I must confess, as long as I was on Mike's computer, I took a peak at a certain file containing the long fabled story, Mysterious Origins. The bugger has six pages done, and they are really quite good! Enough is enough, Mike! Write the bloody thing! (Of course, you need to write parts 22 and 23, first! Main series comes before side stories!)
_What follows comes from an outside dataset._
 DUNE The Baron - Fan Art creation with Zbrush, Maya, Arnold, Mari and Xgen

Picket Fences... what does that have to do with anything? Well, nothing really. But I couldn't think of any other television shows with Canadian sounding titles (such as Northern Exposure or Due South). There were two show titles that, while not sounding Canadian-themed, seemed in my mind to be grouped together with the shows whose titles were previously used. This grouping is completely arbitrary on my mind's part, and has nothing at all to do with the shows in question. (In fact, I have never watched any of them.) I have no idea how they all got stuck together in my mind, but stuck together they are. And when it came time to pick a title, Picket Fences won over Twin Peaks.
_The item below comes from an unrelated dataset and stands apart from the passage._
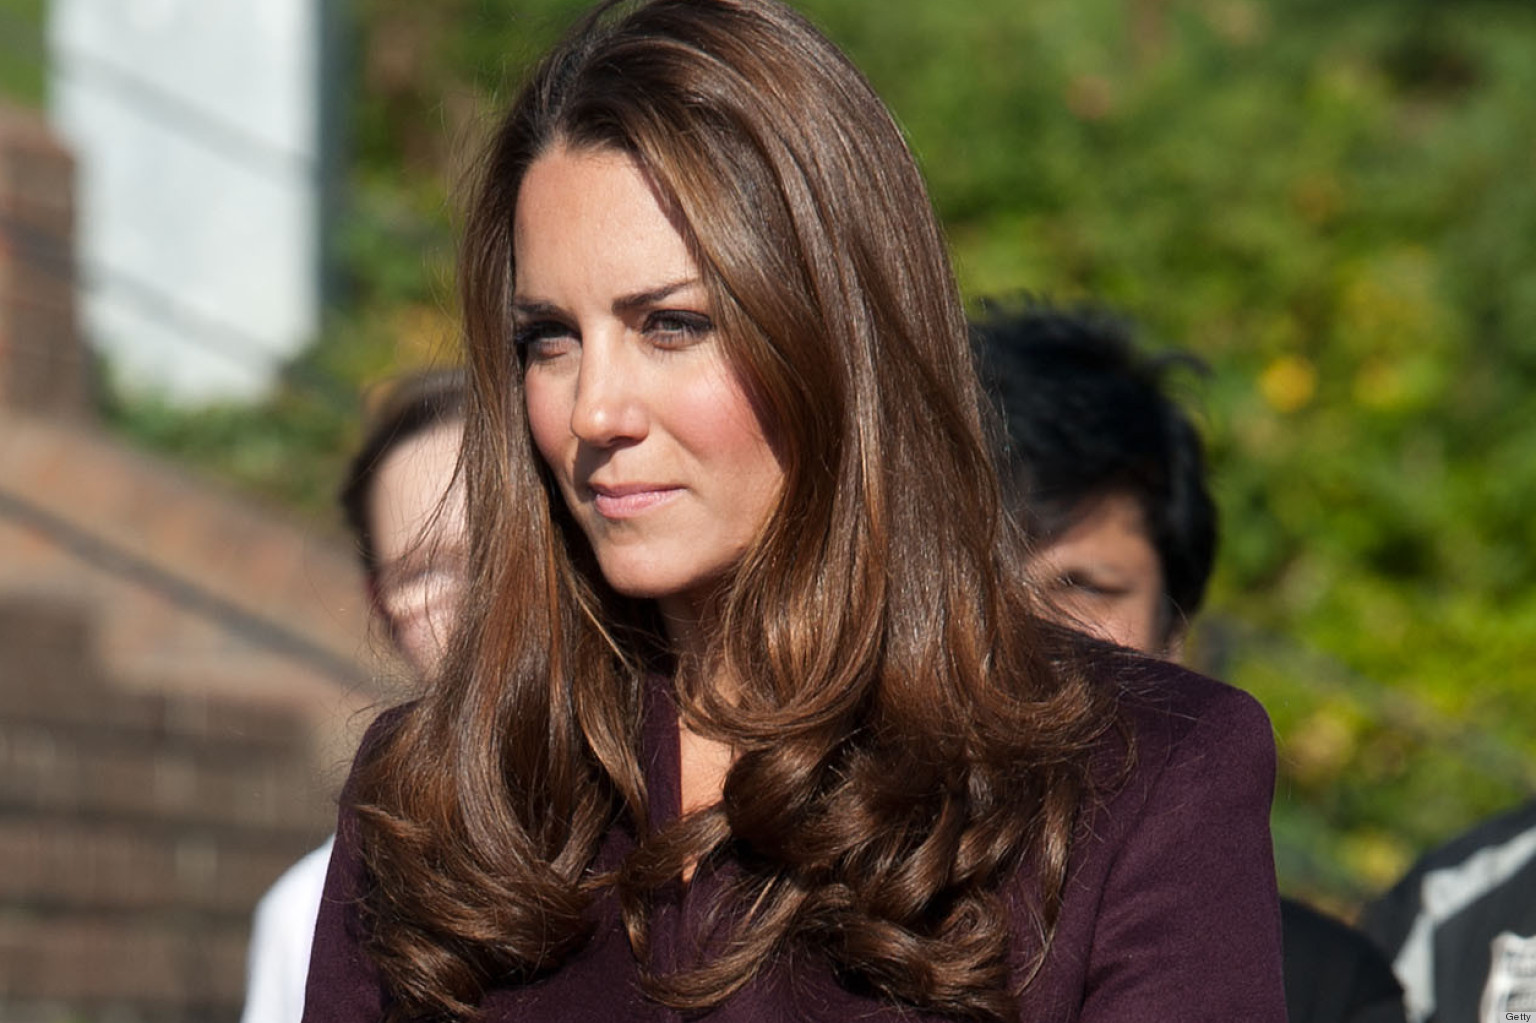 Kate Middleton Nude Photos: French Police Prepare To

Matt Gets Wet. I should have talked a bit about this during part 19's notes, but now is as good a time as any. This trilogy of skits is based on reality. During one Fall Camporee, the events described in part 19 actually took place. Matt Swett wanted to get wet, his father forbade it, and Mike covered with the Clappy Song. The following Spring Camporee, we followed it up with a skit very much like the one presented in this story, even down to Colin and Dan being planted in the audience to stir up trouble. (The only major difference between real life and fiction here is, of course, my concern over getting wet in real life was just due to the fact that I thought it would be unpleasant, but in the story I obviously have much better and less vane concerns.)
I suppose it is only fair to give credit where it is due. (That is, of course, one of the main purposes of these post-story notes.) Matt Gets Wet part 1 was very much the brain child of Mike and Matt Swett, both of whom were also instrumental with the development of Matt Gets Wet part 2, along with Dan and Colin, who improvised all of their lines and went even farther then they did in this story. (My memory couldn't recall every detail, sadly. I do vividly recall one of them complaining about having paid good money to see me wet, however... ^_^) I suppose I also had some input with part 2, as well...
One thing I definitely remember about part 2, or at least it's aftermath, was how many people were looking forward to part 3, and how they would take every opportunity to tell me so in as evil a tone as they could muster. So what will happen in the world of fiction with Matt Gets Wet part 3? Well, you'll just have to wait until the Summer Camp story line to find out!